We treat it symptomatically, we treat the headaches, nausea, diarrhea, stomach pains or whatever they have so we treat their symptoms. There is no vaccine so we have to look at the individual as each patient has different symptoms
Can people stay at home or should they be in hospital?
We have two different treatments, if you know basic first aid or have a person at home that can do it then we can treat them as an out patient and give them the medicine to take home but if not and they’re sick then we suggest they stay as an in patient.
We use an Indicator of if they can eat or do normal activities then they can stay home but if they can’t do daily tasks then they should stay in hospital.
How worried should people be about dengue when visiting Koh Phangan?
If you get a high fever and it doesn't subside then come to hospital. Thailand is the most common place to get dengue as it’s a tropical country and you can get it mostly everywhere even in cities.
Keep hydrated! Dengue can cause vomiting and diarrhea which means dehydration so keep sipping on water constantly.
Many people herald papaya leaves and the leaf juice as an aid for getting rid of dengue, we will not stop you trying this but there is no scientific proof yet that it actually works.
One thing to note is that there is no cure as of yet for dengue fever so this is why it is so important to keep an eye on your symptoms or more importantly take steps to prevent catching the dengue virus.
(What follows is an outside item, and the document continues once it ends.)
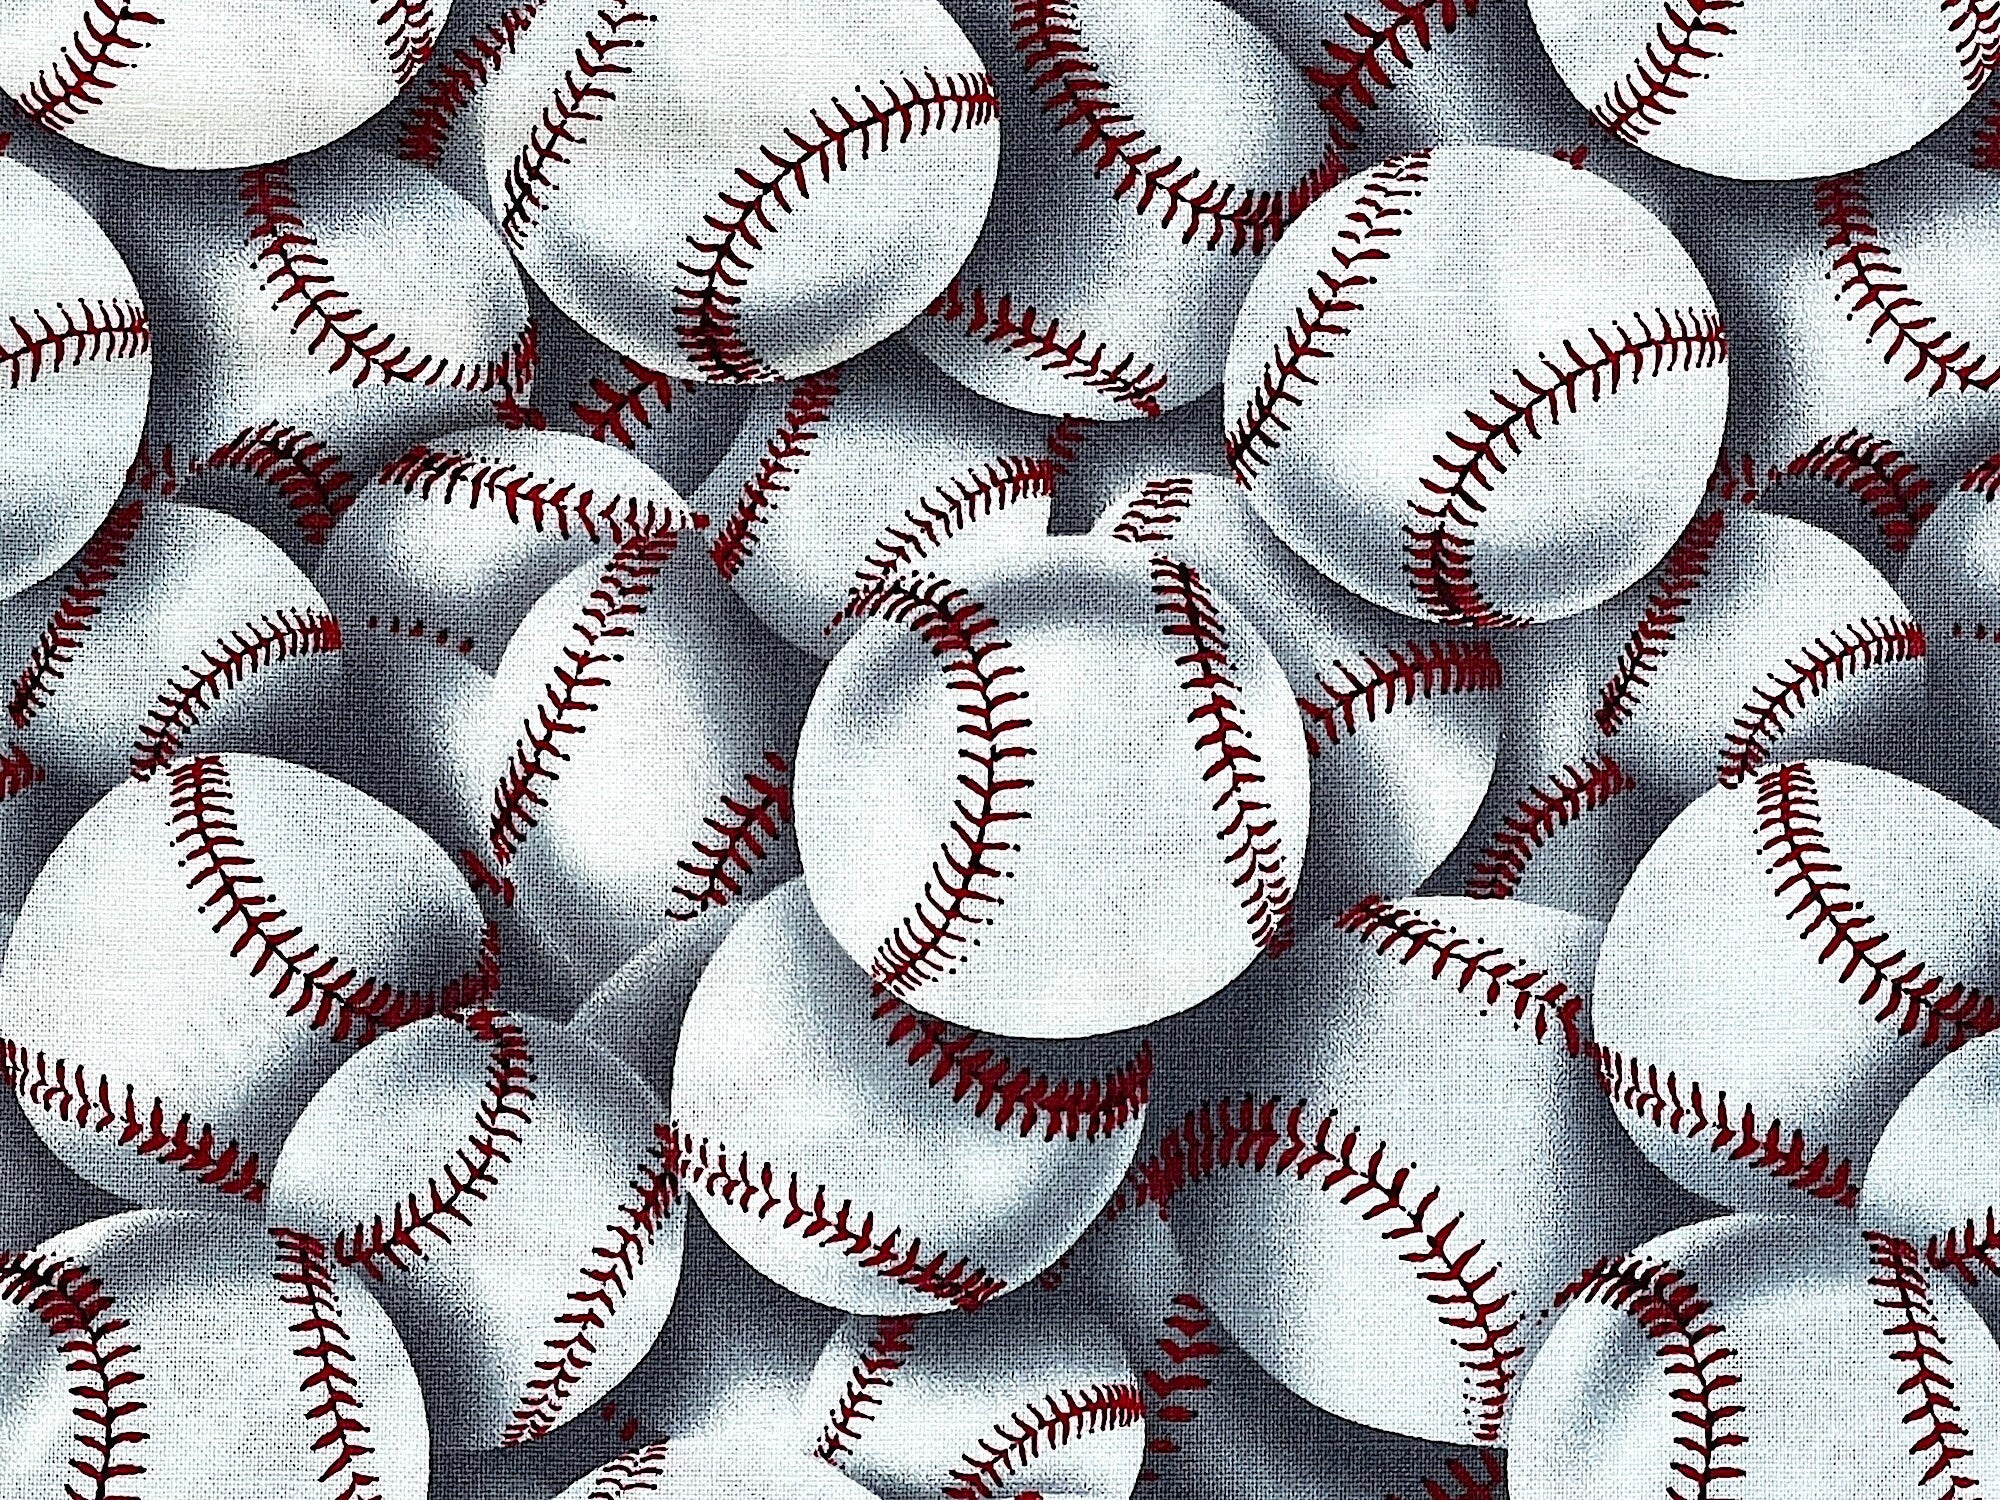 Close up of baseballs.

Symptoms can take up to two weeks to show and can last from three to ten days and can get more severe, hopefully you will have seeked medical care by this time.
Maximum risk is on the third or seventh day of symptoms and dengue mosquitos are usually around from August to October and they cannot survive in lower temperatures.
The last thing we want is for any of you lovely lot to get ill, you’re here to have the time of your life so take some steps to prevent these mozzies biting you and look after each other!